Vor erwarteter Gaza-Invasion: Wie Kriegsverbrechen mit zweierlei Maß gemessen werden

Seite 2: Was Solidarität mit Israelis und Palästinensern heißen könnte

Yousef Hammash, Beauftragter des Norwegischen Flüchtlingsrats für die Interessenvertretung in Gaza, sagte dem US-Sender Democracy Now:

Israel hat den Ägyptern gedroht, dass sie die Lastwagen bombardieren würden, wenn sie irgendwelche Lkw in den Gazastreifen schicken würden. Und sie haben den Grenzübergang Rafah bombardiert, was dazu führte, dass Ägypten den Grenzübergang schloss. Ich habe schon einmal gesagt, dass der Gazastreifen das größte Freiluftgefängnis der Welt ist. Jetzt, mit der Schließung der beiden Grenzübergänge zwischen Gaza und Ägypten sowie Gaza und Israel, ist es zu einer Gefängniszelle ohne Fenster geworden.

Währenddessen hat Kairo das Ansinnen der US-Regierung, einen "humanitären Korridor" für palästinensische Zivilisten einzurichten, damit sie nach Ägypten fliehen können, zurückgewiesen. Die ägyptische Regierung sieht darin lediglich einen Versuch, um die Palästinenser permanent ins Exil zu treiben.

Die renommierte US-Journalistin und Trägerin des Alternativen Nobelpreises ("Right Livelihood Award"), Amy Goodman, schreibt in einer Kolumne mit dem Titel "As Israel Levels Gaza, the U.S. Media Fuels the Fire" ("Während Israel den Gazastreifen dem Erdboden gleichmacht, schüren die US-Medien das Feuer"):

Die US-Nachrichtensender haben Korrespondenten nach Israel entsandt, um über die Gewalt zu berichten, aber es werden nur wenige Palästinenser interviewt oder israelische Friedensaktivisten oder Reporter, die sich gegen die Besatzung stellen. Berichte, wonach die Hamas Babys enthauptet hat, werden von den großen Nachrichtensendern, vom israelischen Premierminister Benjamin Netanjahu und von US-Präsident Biden verbreitet. Auf Nachfrage nahm das Weiße Haus die Behauptung zurück und erklärte, man könne die Berichte nicht bestätigen.
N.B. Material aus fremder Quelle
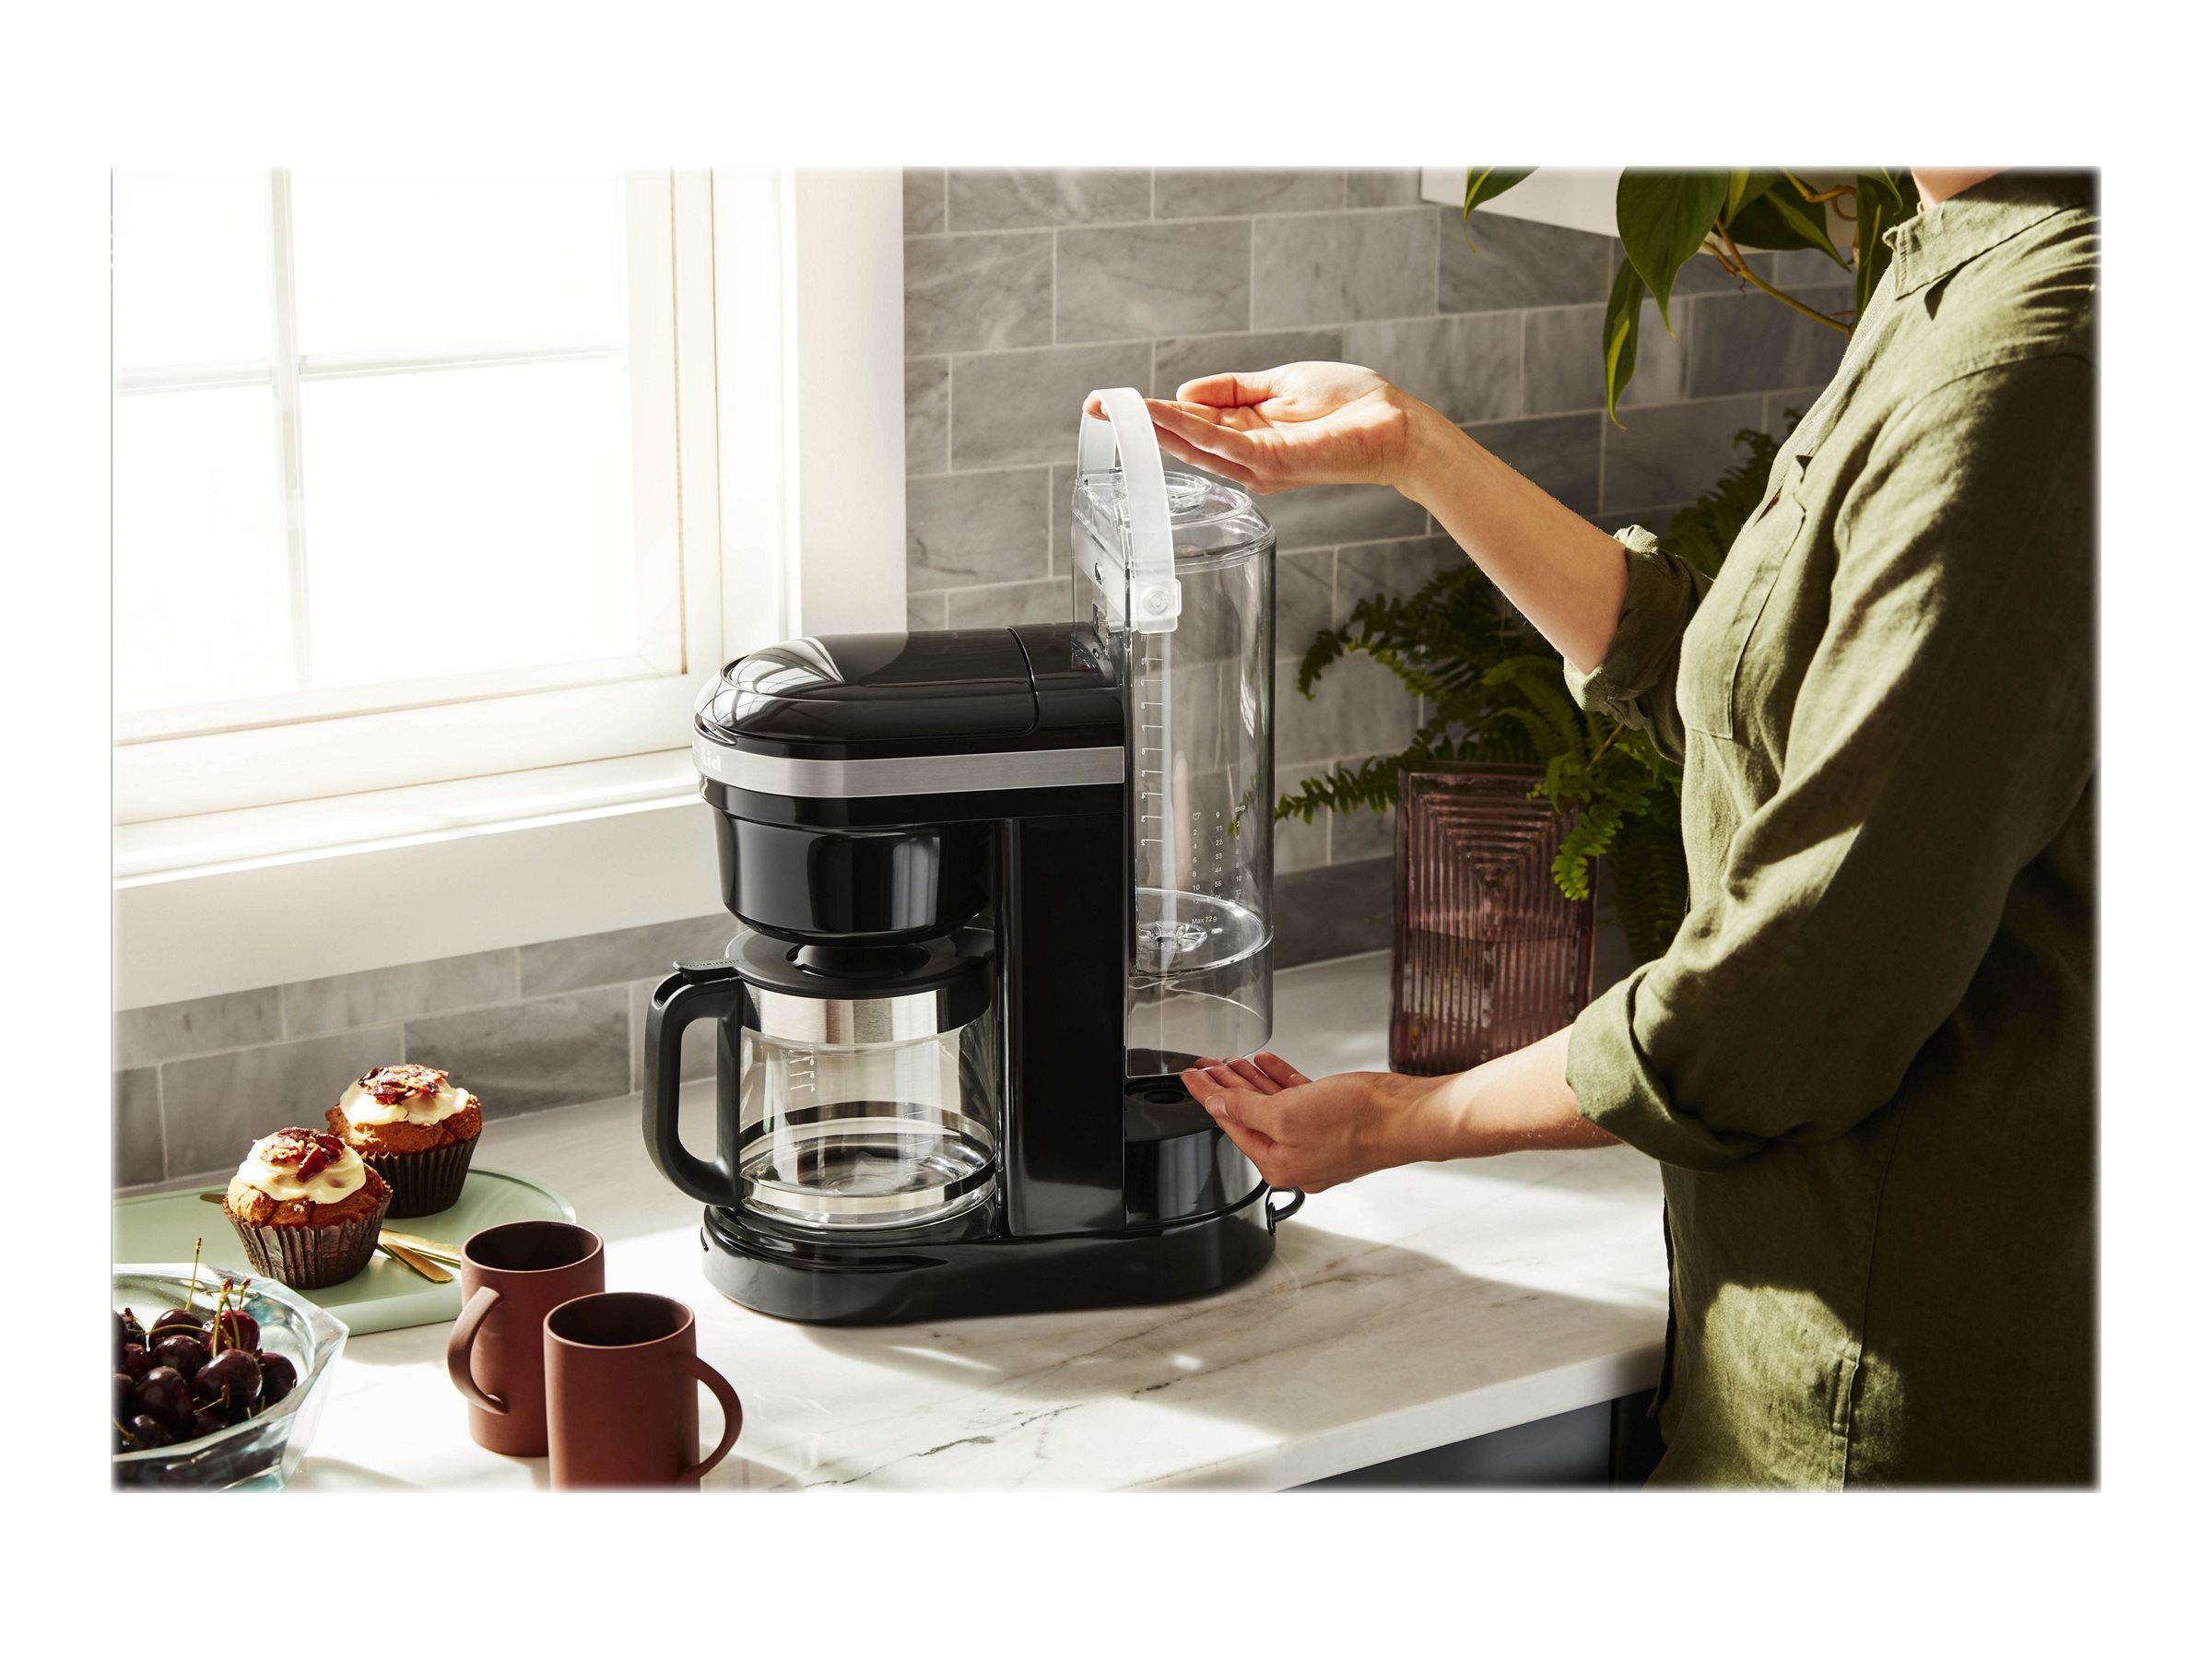 KitchenAid Coffee Maker 10 Cup KCM5250B-0 Black / Glass Pot Tested & Works

In Deutschland und auch in anderen europäischen Ländern ist die Berichterstattung nicht grundsätzlich anders, trotz aller Warnungen, dass Israel nicht überreagieren sollte. Denn während die Hamas-Verbrechen und das Massaker zu Recht verurteilt werden, werden die illegalen Gewaltakte und das Massaker des israelischen Militärs als "legitime Selbstverteidigung" mehr oder weniger kommentarlos durchgewunken.

Auch wenn es angesichts des öffentlichen und politischen Drucks, sich "uneingeschränkt solidarisch" mit der israelischen Regierung zu erklären, wenig opportun erscheint: Man ist keineswegs ein "Hamas-Versteher", wenn man die Opfer von beiden Seiten anhört, Kriegsverbrechen unabhängig vom Aggressor verurteilt und darauf hinweist, dass die Gewalt nicht in einem historisch-politischen Vakuum eskalierte.

Doch die meisten Medien blenden weiter die Kontexte aus, aus denen die ständigen Gewaltausbrüche genährt werden: die illegale Besatzung palästinensischer Gebiete durch Israel, die inhumane Gaza-Blockade, das Apartheid-Regime, den immer weitergehenden Landraub um Ostjerusalem und im Westjordanland sowie die Blockade eines von der internationalen Gemeinschaft und dem internationalen Recht geforderten Palästinenserstaats.

All das wird seit Jahrzehnten von allen relevanten internationalen Institutionen wie von den meisten Staaten der Welt verurteilt, während Israel aufgefordert wird, den ständigen Rechtsbruch zu beenden.

Doch es geschieht nichts, im Gegenteil, die Lage hat sich unter der Netanjahu-Regierung noch verschärft. Wenn diese Missstände nicht adressiert und letztlich beseitigt werden, ist Frieden für die Region – und auch Sicherheit für die Israelis – eine reine Illusion.